Below are records with pictures; copy word for word only the lines between the line with "24.6 and 30.2" and the line with "Image from page", inclusive, and drop the pictures.
**** Source material ****
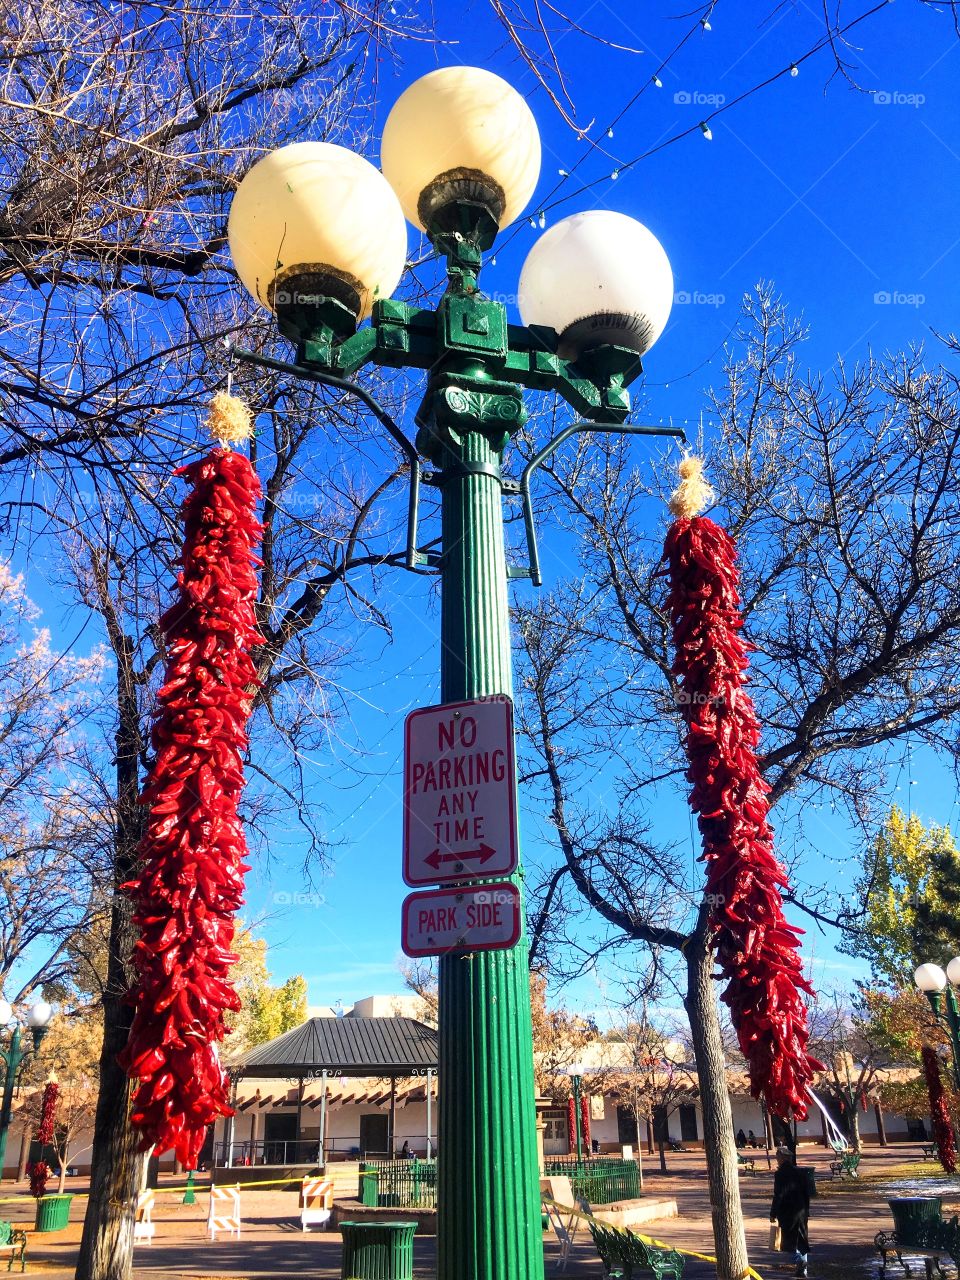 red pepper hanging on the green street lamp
****
**** Source material ****
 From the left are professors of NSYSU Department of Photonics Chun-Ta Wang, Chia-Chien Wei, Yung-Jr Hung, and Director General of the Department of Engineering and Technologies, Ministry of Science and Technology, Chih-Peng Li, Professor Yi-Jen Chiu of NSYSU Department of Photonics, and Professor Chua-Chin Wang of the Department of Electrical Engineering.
****
**** Source material ****
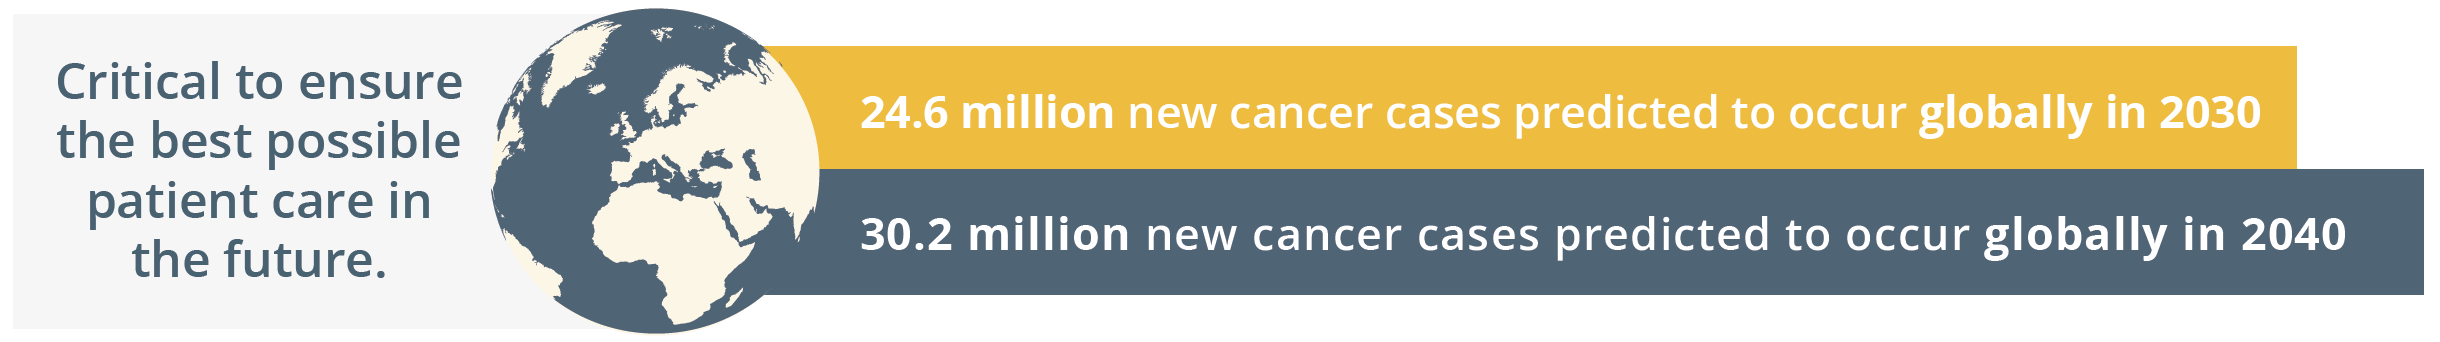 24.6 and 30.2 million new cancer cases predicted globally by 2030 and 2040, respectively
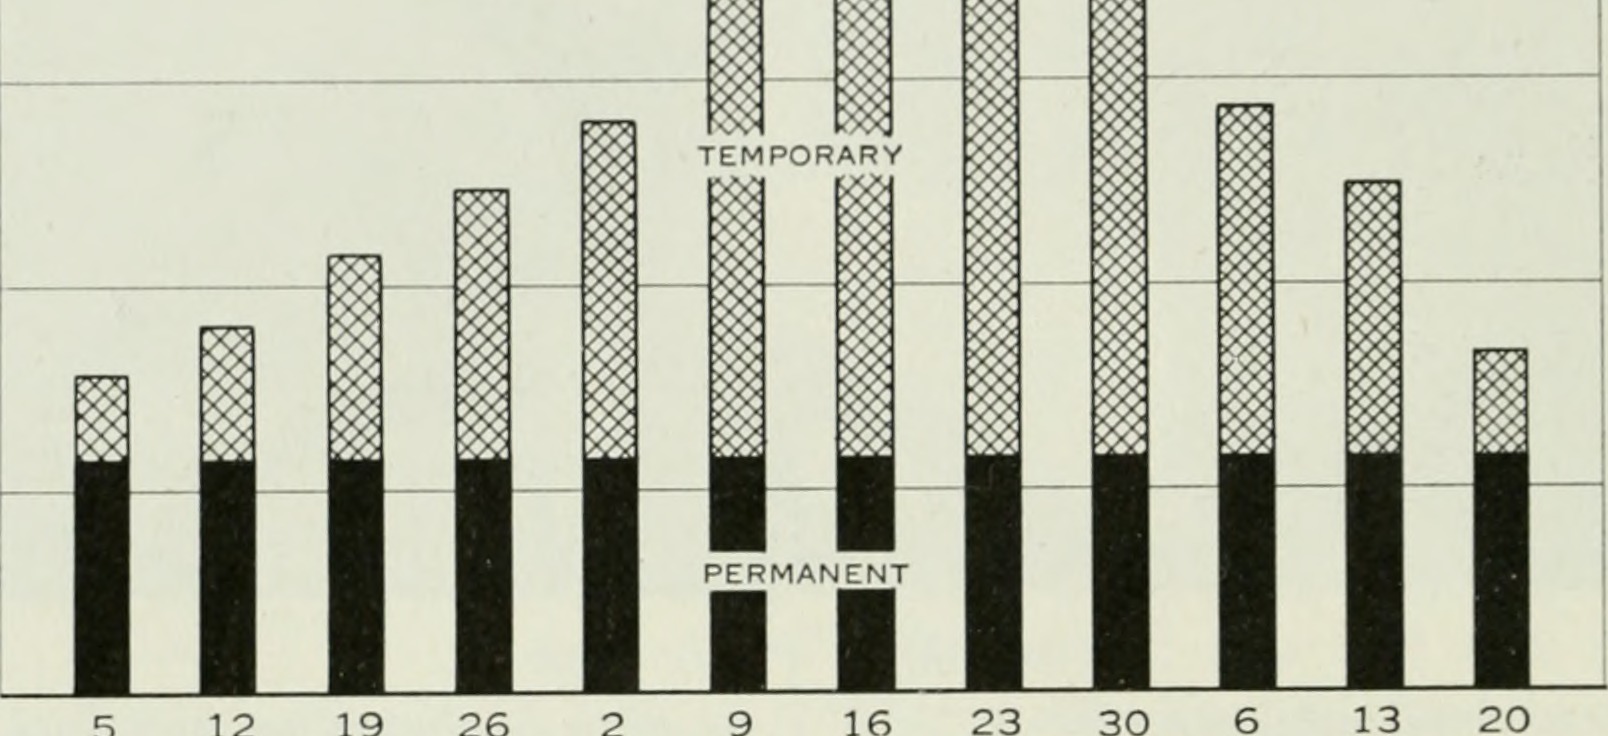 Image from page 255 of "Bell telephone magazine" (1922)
****
## [Output of the exercise]
 24.6 and 30.2 million new cancer cases predicted globally by 2030 and 2040, respectively
 Image from page 255 of "Bell telephone magazine" (1922)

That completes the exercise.